Should you choose to have a Bramley in the mix as well, you will need at least 2 other trees flowering at the same time to achieve pollination as a Bramley is a triploid and requires three flowers to enable fruiting to take place.

Finally the performance of all apple trees can be affected by a variety of factors including the weather, soil, exposure and aspect. The majority of all fruiting plants require sun to enable growth and ripening.

I have observed that it is by far best to plant a smaller apple tree and allow the tree to grow into its environment than plant a larger tree and have to stake it only for the tree to fail after the stake has rotted and naturally failed.

Seasonal tips for November – buying your trees

It’s November and the last of the Indian summer has gone, leaves are falling and with only 6 weeks to the shortest day, its feeling as if winter is here.

For the keen, the tree buying season is well under way and although not available if field grown until the leaves have fallen, it’s worth ordering now, if you’ve not done so already, to avoid disappointment. Availability lists from nurseries start being produced from August for the Autumn, and it is usually the most interesting plants that are in small quantities and quickly sell out.

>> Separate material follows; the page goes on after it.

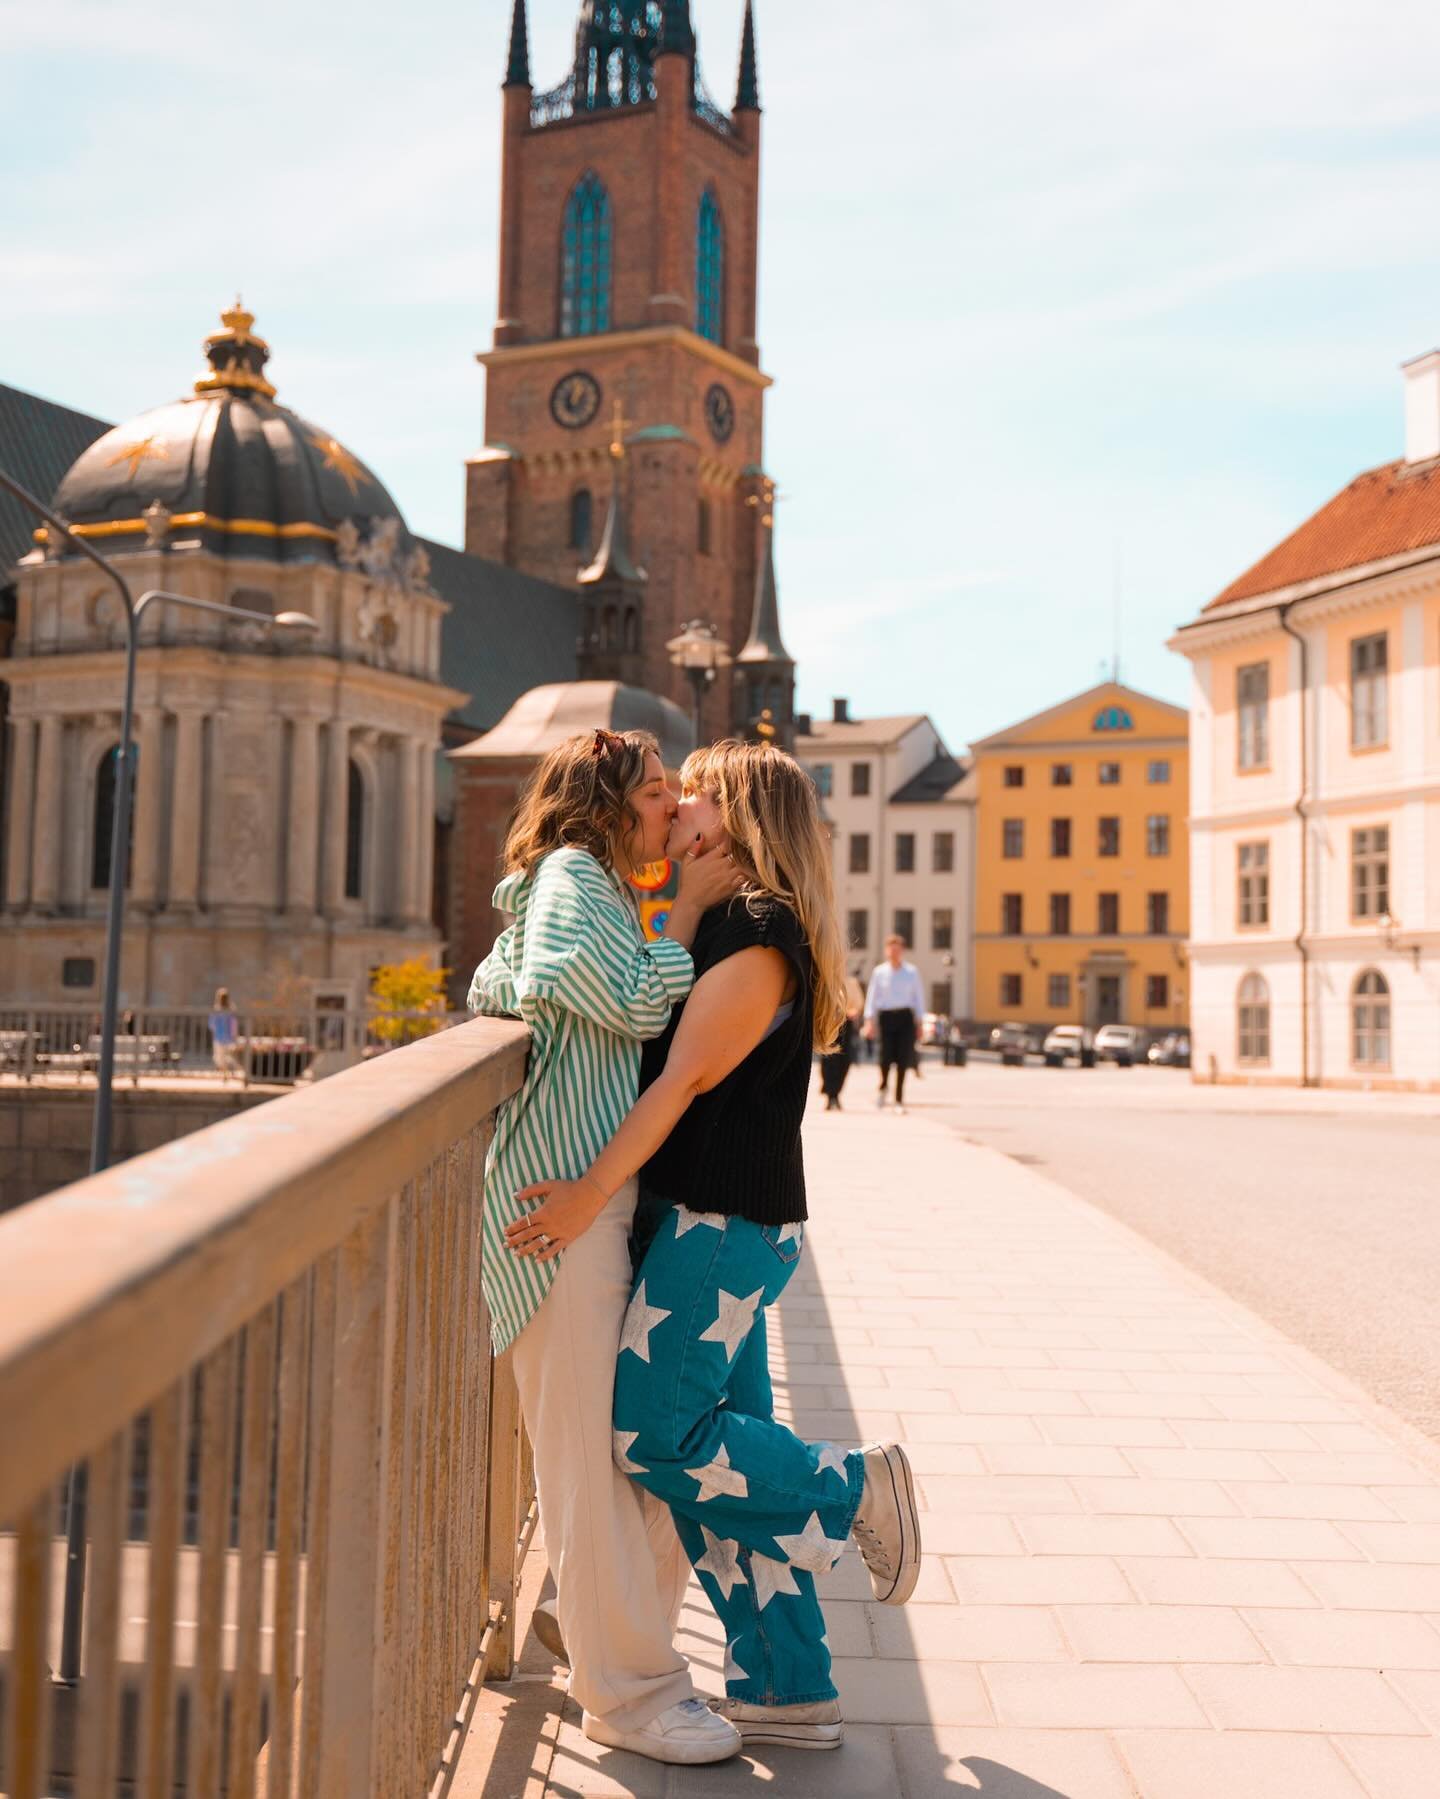 Stockholm, you are magical! ✨🇸🇪

There&rsquo;s no secret that Sweden is one of our favorite countries in the world. One of our BFFs live here and Shanna has personally visited the country like 6 times! On this trip we feel like we really have gotte

As a rule, field grown plants are less expensive than pot grown ones, but it is the pot grown option that you will find available in the garden centres in the spring and early summer when many folk get inspired to sort out their gardens. So, at the beginning of the season, there are usually more purchases made on impulse.

The advantage of pot grown plants is that they are able to be planted all year round providing you are prepared to water accordingly.

The bare root field grown plant season usually ends in mid-March as the sap begins to rise. It is best to plant your bare root trees prior to Christmas as many species, despite looking dormant, will produce fine white roots ready for the spring surge. Late plantings of bare root stock, where this root production is lacking, may need watering during their early stages.

Here comes Autumn

Its October 11th 2017, the late summer weather is fading and with the first of the leaves turning colour at the end of September and high wind today, the first of the serious leaf fall is commencing and autumn is creeping forward.

Plants of interest at the Forest Garden at this moment include; “Crab apple Rose hip” with its brilliant orange fruit which has been looking good for the last 5 weeks. Some of the fruit looks almost too good to be real. It serves as an excellent pollinator to other apple trees nearby and its fruit, as their sugar level continues to rise, is just about ready to eat and certainly could be included in a fruit salad. My instinct, from having previously tasted crab apple wine, tells me that these fruits would make a good wine too.

The last of the blackberry cultivars “Thorne free” are still managing to ripen some fruit, and as a recent visitor said of the 25mm diameter fruits, “These taste like red wine”.  These plants are primo canes meaning they will flower on the current year’s growth. Indeed last year’s growth was cut down in April and it has managed to grow 6 metres in length, flowered and have been fruiting since mid-September; simply amazing!

Finally, for now, the plant of the month is the “Chilean guava”. It’s the last of the summer/autumn soft fruits. This plant, now in its 4th year, has over 300 very tasty red berries of approximately 8mm in diameter on it. The taste is not dissimilar to that of a strawberry flavoured Opal fruit or Starburst. This was reputed to be Queen Victoria’s favourite fruit, allegedly grown in Cornwall and sent to London for her consumption. Some forms of this plant can make a good hedge up to a metre high.